START Extracted records

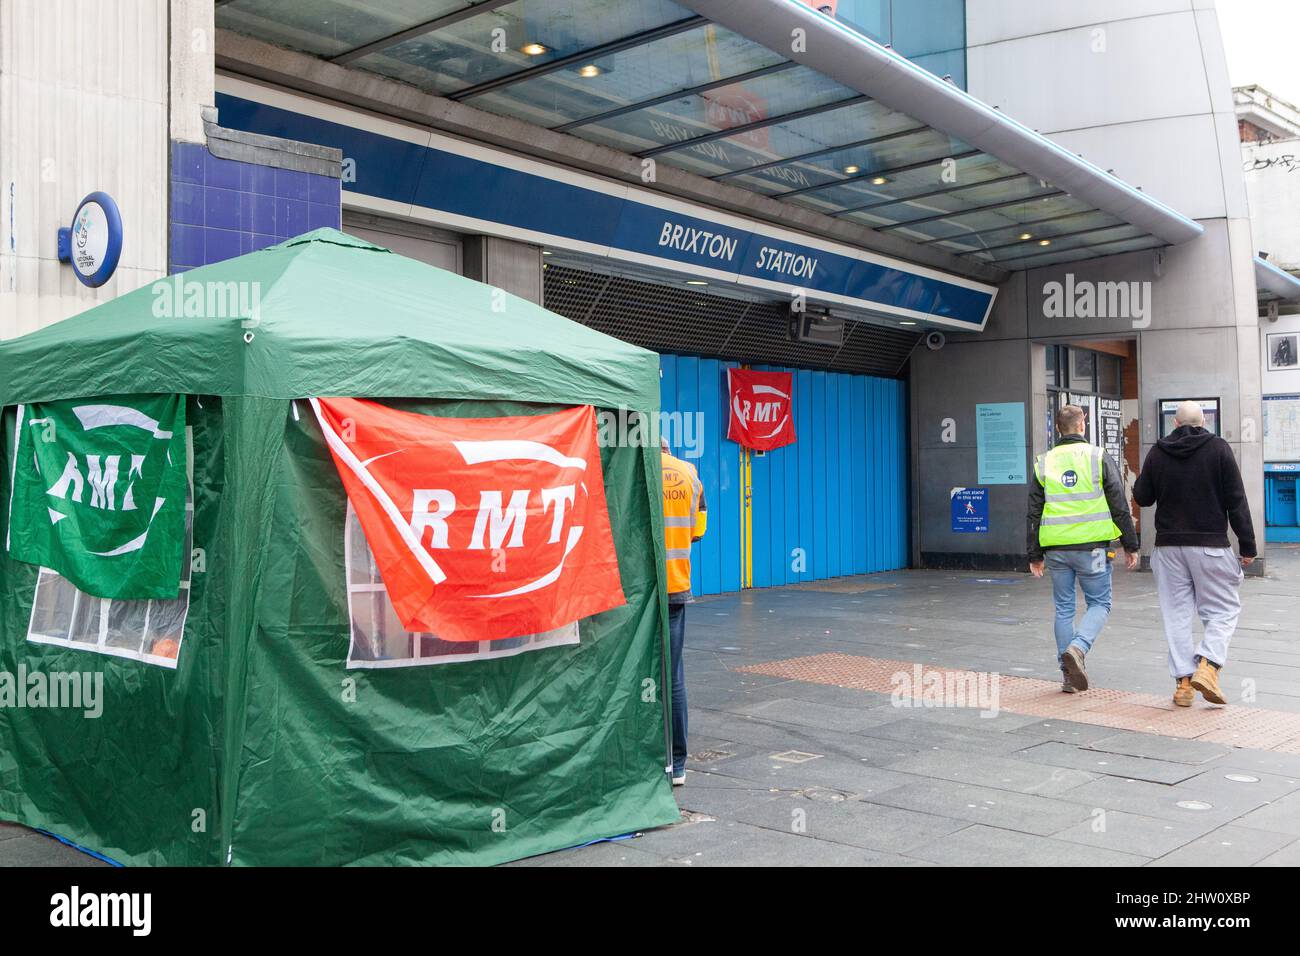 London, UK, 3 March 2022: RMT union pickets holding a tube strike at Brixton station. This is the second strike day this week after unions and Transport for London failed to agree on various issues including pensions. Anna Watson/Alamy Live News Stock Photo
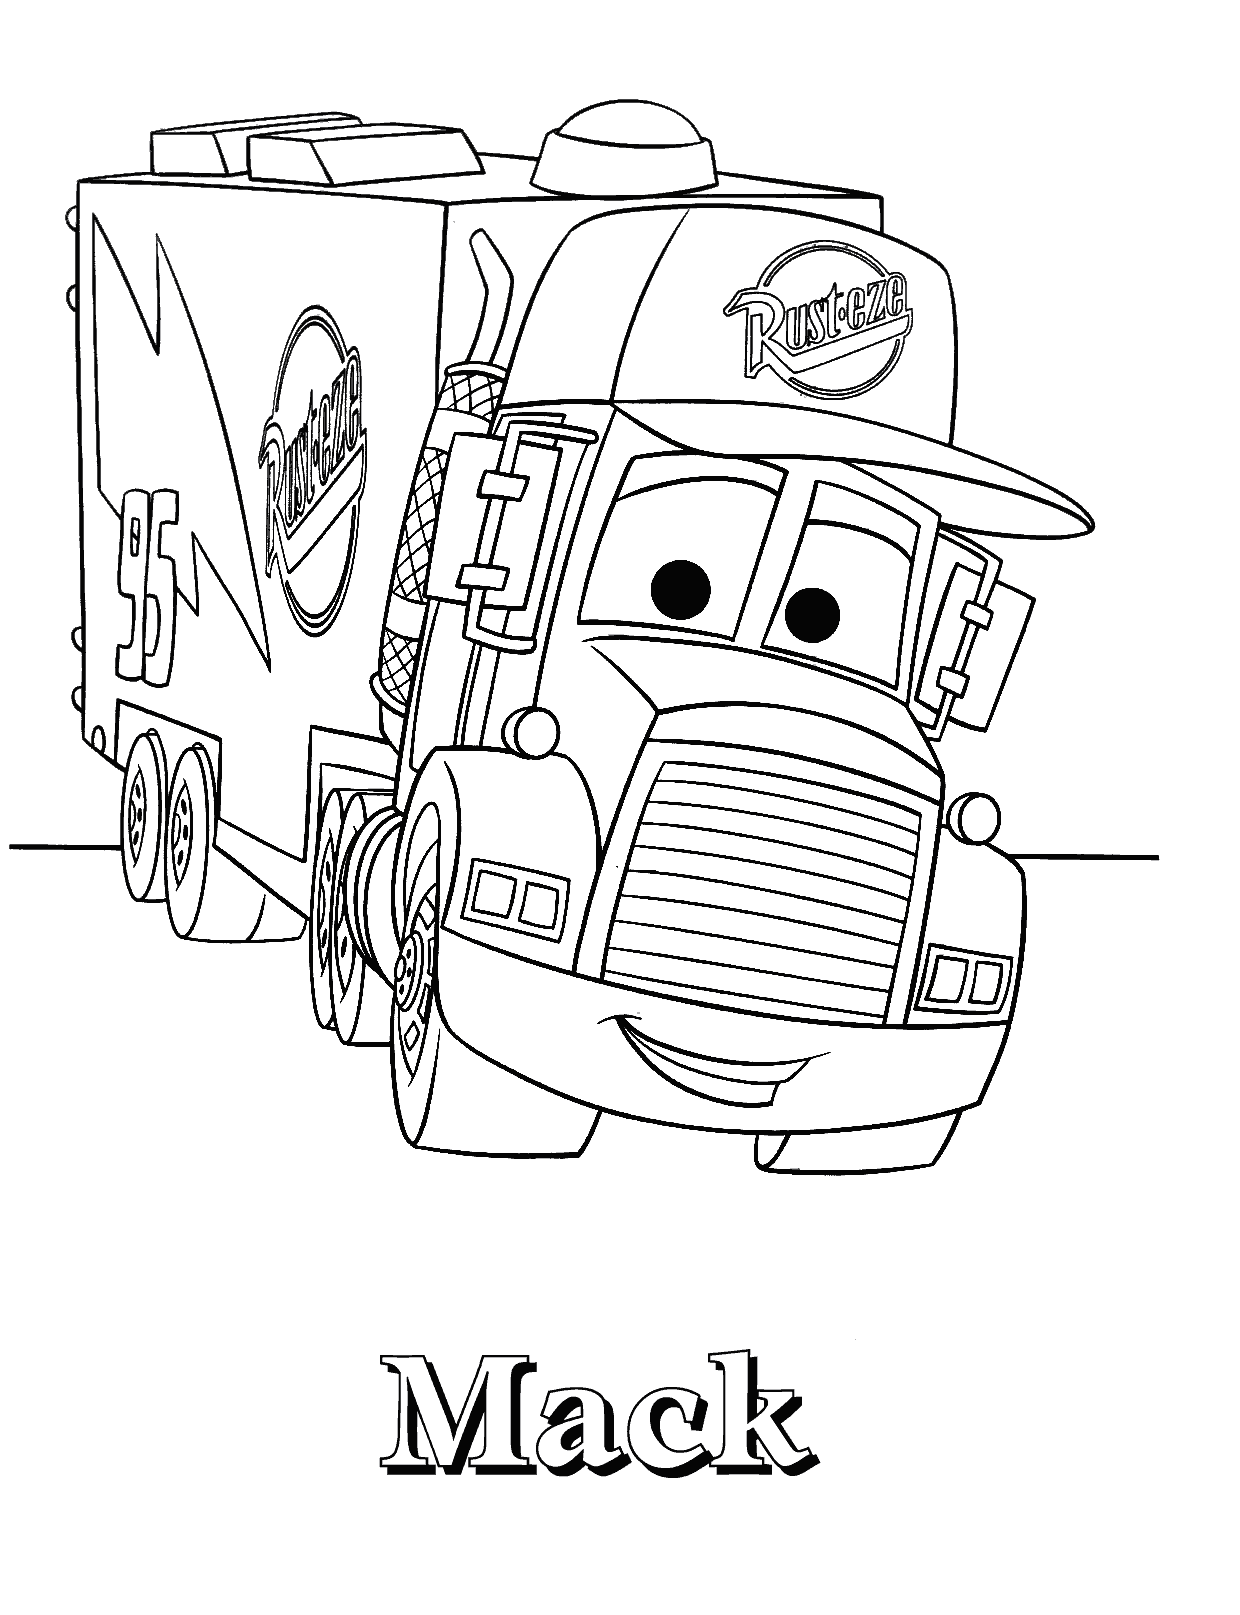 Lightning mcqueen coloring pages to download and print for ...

END Extracted records
START Extracted records

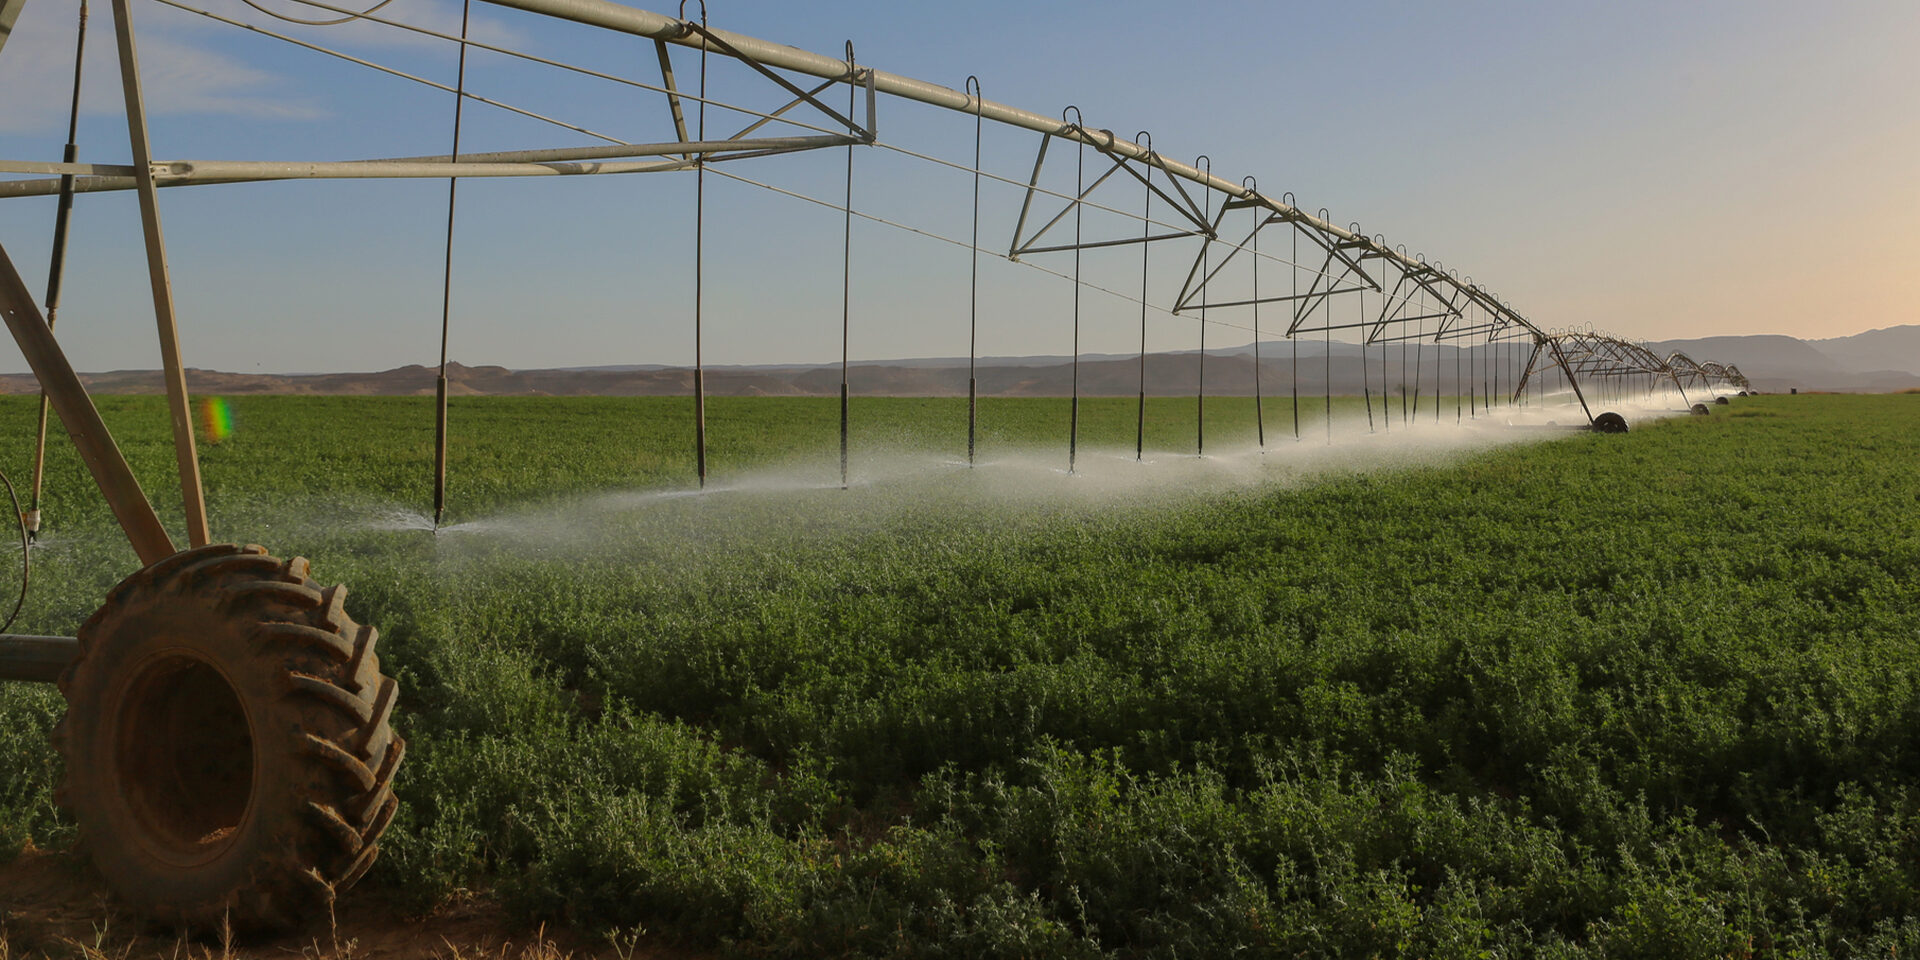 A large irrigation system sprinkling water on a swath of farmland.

END Extracted records

Look above for the line with "London, UK, 3", then print it and each line after it down to and including the line with "Lightning mcqueen coloring". Leave out the pictures and keep the wording exact.

Written answer ▸
 London, UK, 3 March 2022: RMT union pickets holding a tube strike at Brixton station. This is the second strike day this week after unions and Transport for London failed to agree on various issues including pensions. Anna Watson/Alamy Live News Stock Photo
 Lightning mcqueen coloring pages to download and print for ...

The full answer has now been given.